Extracted data: Begin

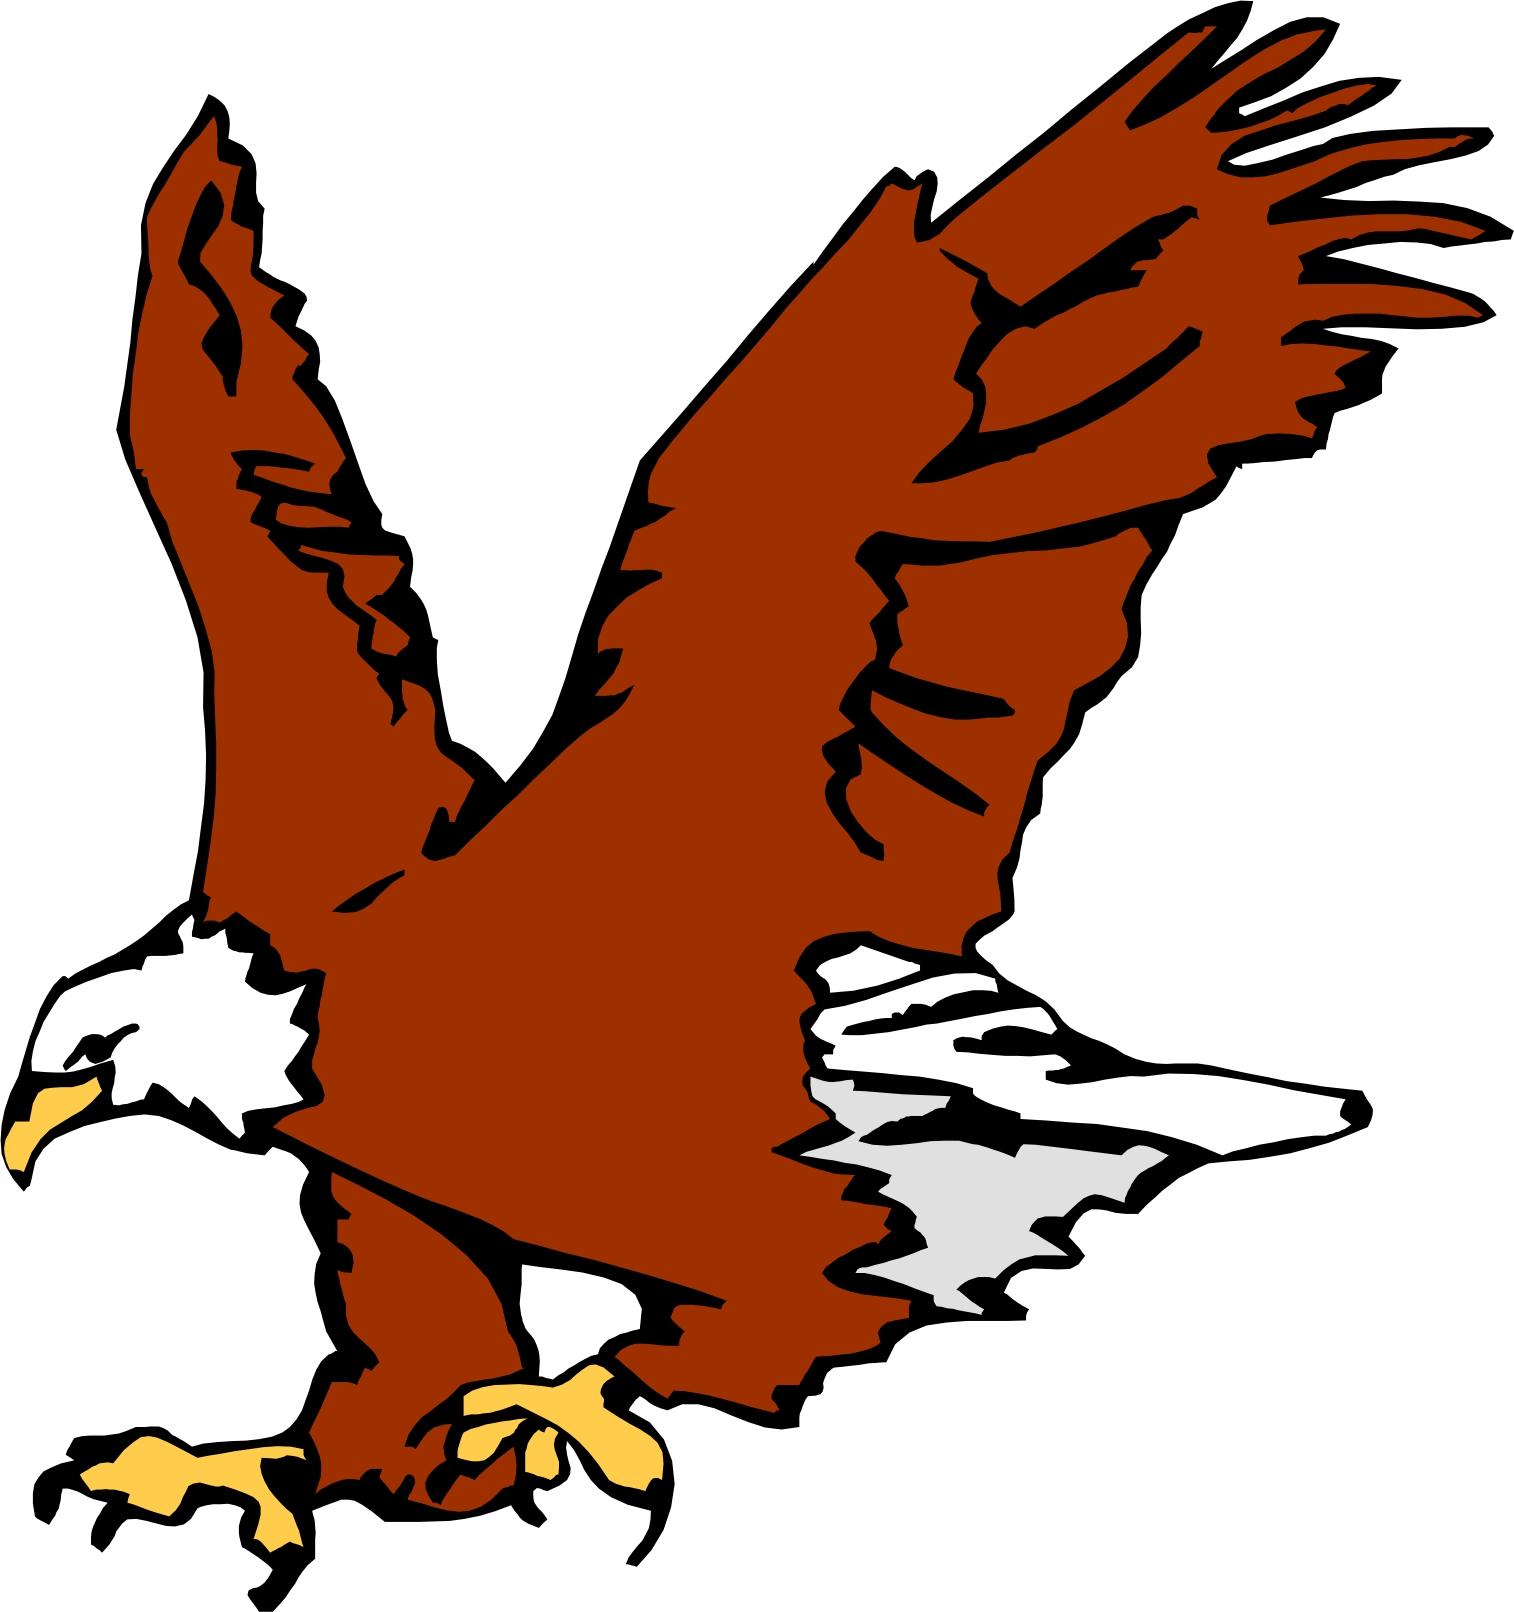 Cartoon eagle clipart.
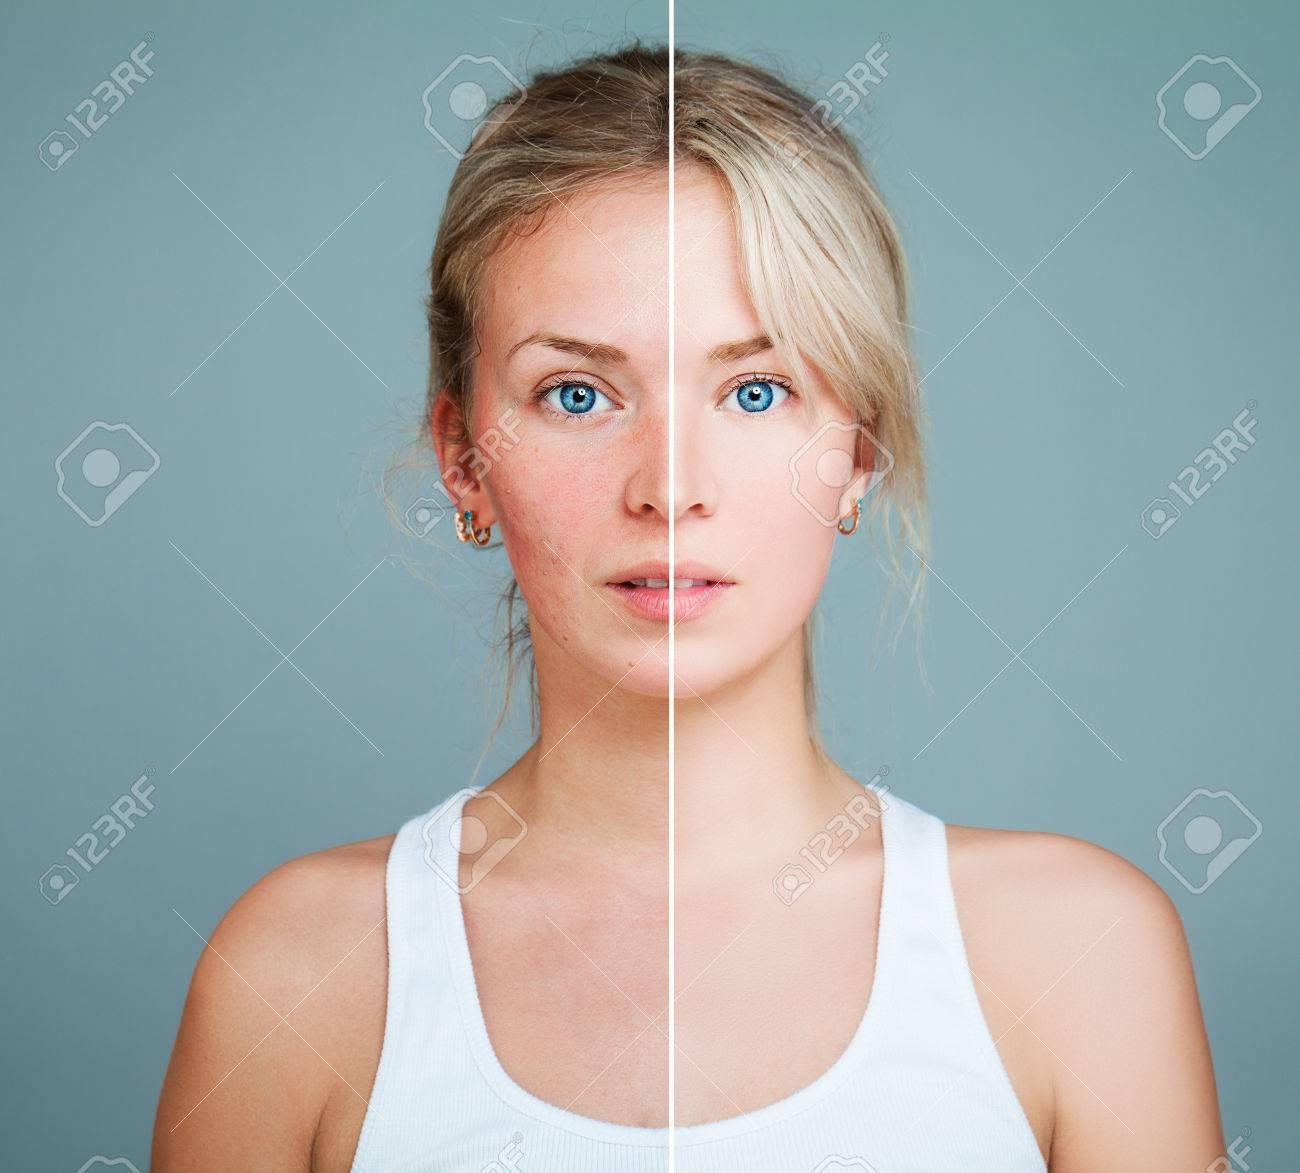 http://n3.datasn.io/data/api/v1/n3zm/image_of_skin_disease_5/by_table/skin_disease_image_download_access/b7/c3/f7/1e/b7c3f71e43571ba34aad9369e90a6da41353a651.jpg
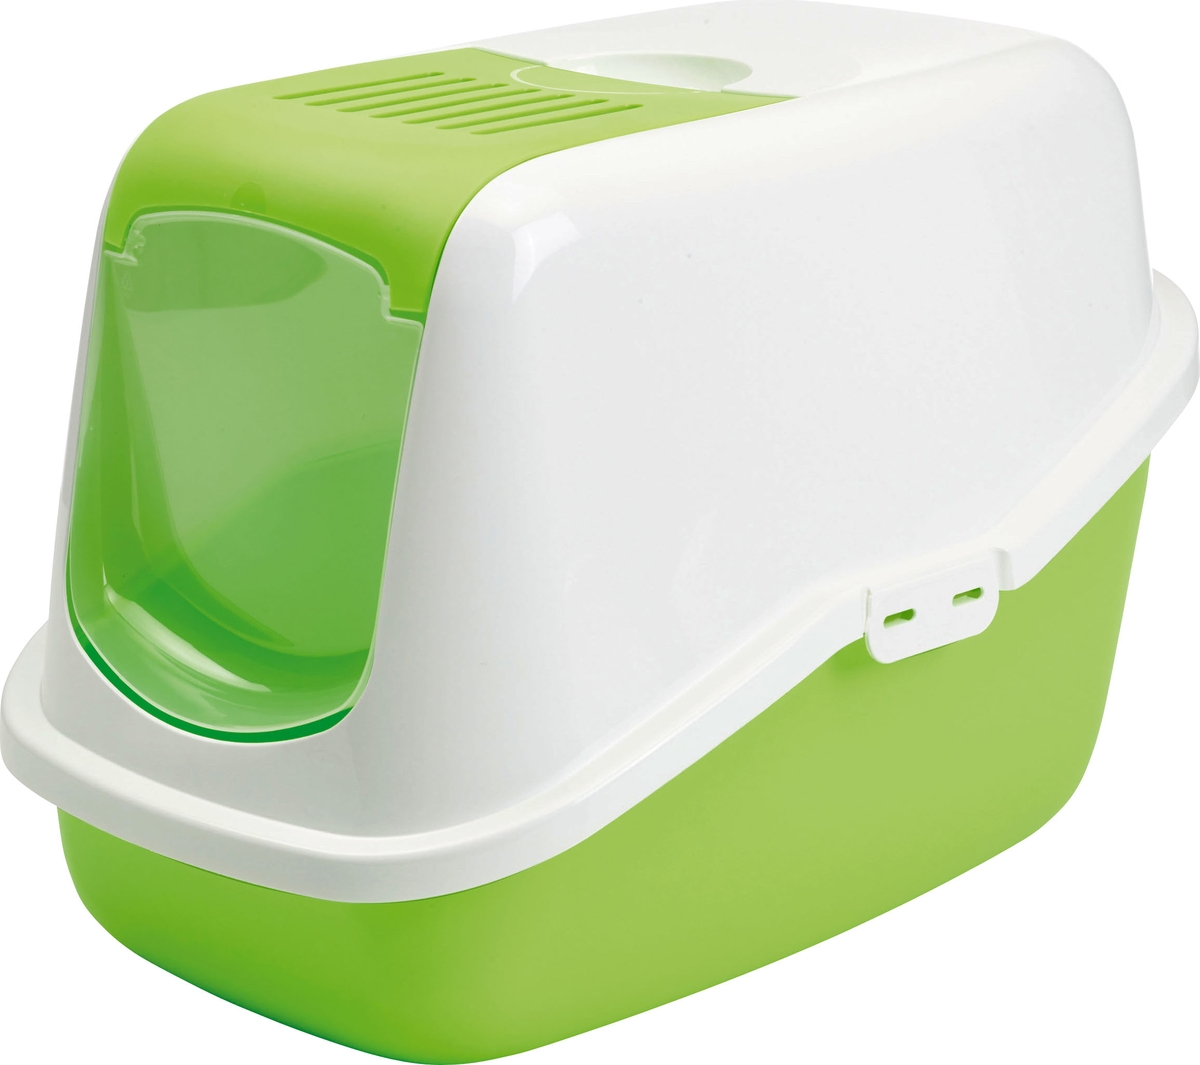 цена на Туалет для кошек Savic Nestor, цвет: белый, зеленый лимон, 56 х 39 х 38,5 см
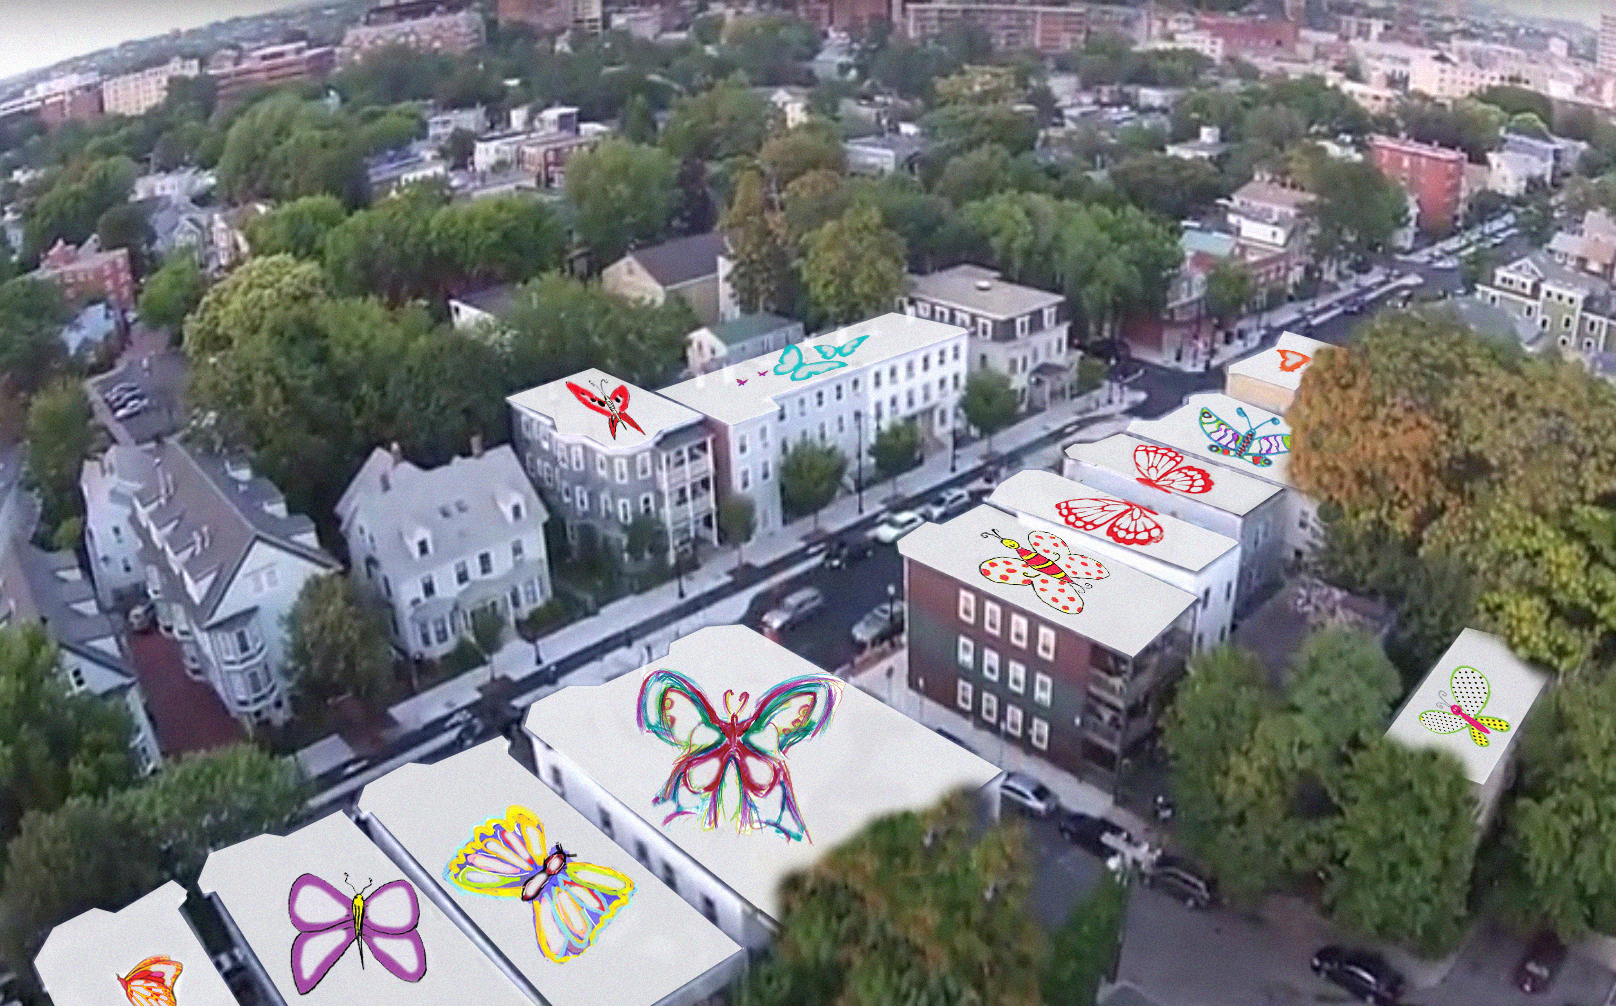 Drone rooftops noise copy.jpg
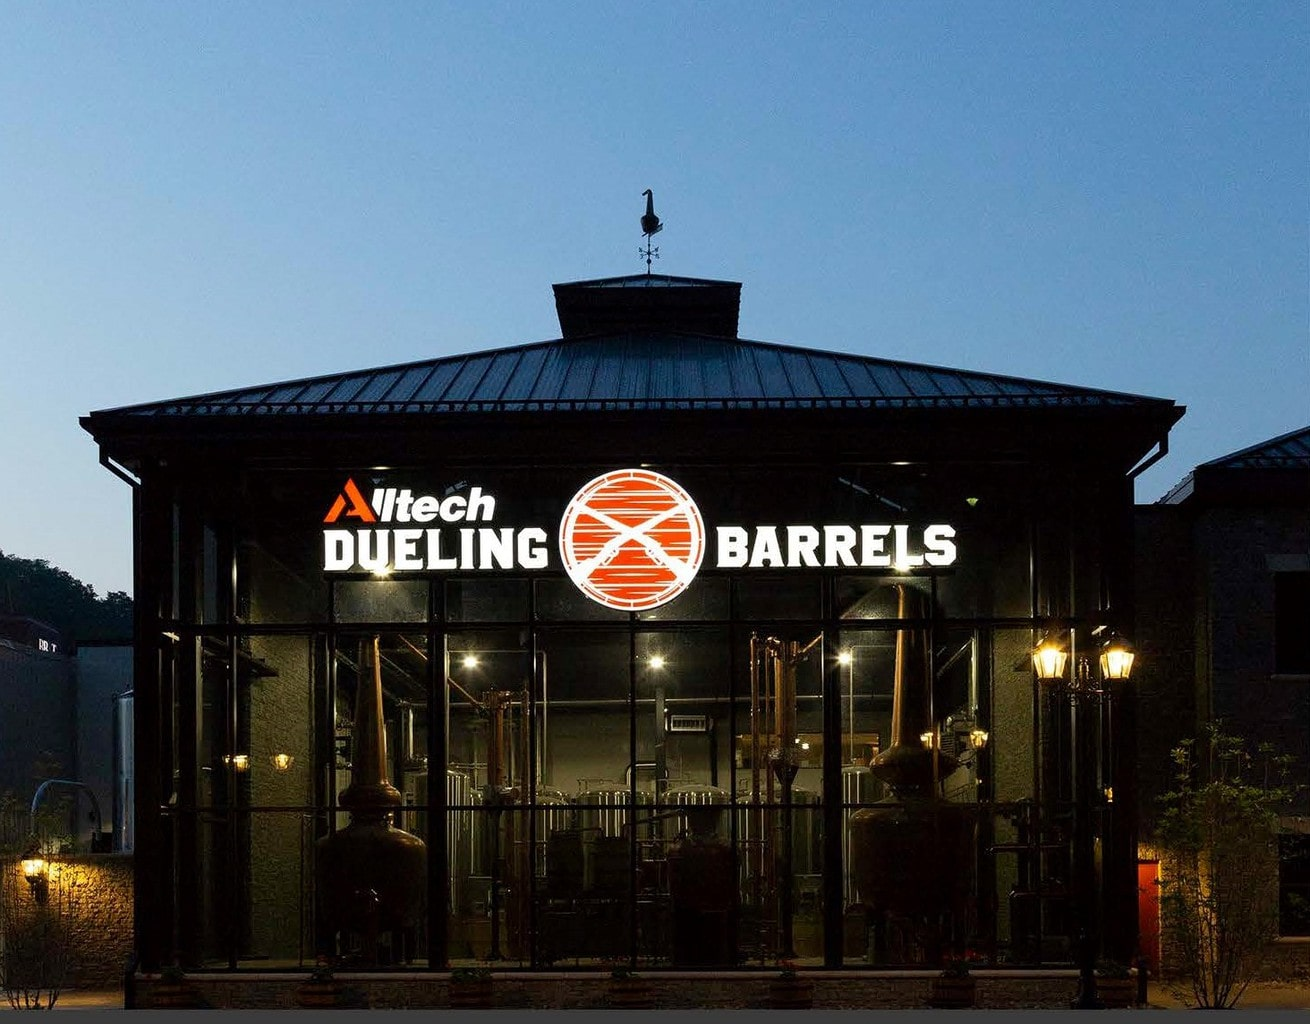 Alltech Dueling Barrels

Extracted data: End

**Requirement**
Only the pictures stay behind; everything else in the data above is to be retyped exactly.

**Result**
 Cartoon eagle clipart.
 http://n3.datasn.io/data/api/v1/n3zm/image_of_skin_disease_5/by_table/skin_disease_image_download_access/b7/c3/f7/1e/b7c3f71e43571ba34aad9369e90a6da41353a651.jpg
 цена на Туалет для кошек Savic Nestor, цвет: белый, зеленый лимон, 56 х 39 х 38,5 см
 Drone rooftops noise copy.jpg
 Alltech Dueling Barrels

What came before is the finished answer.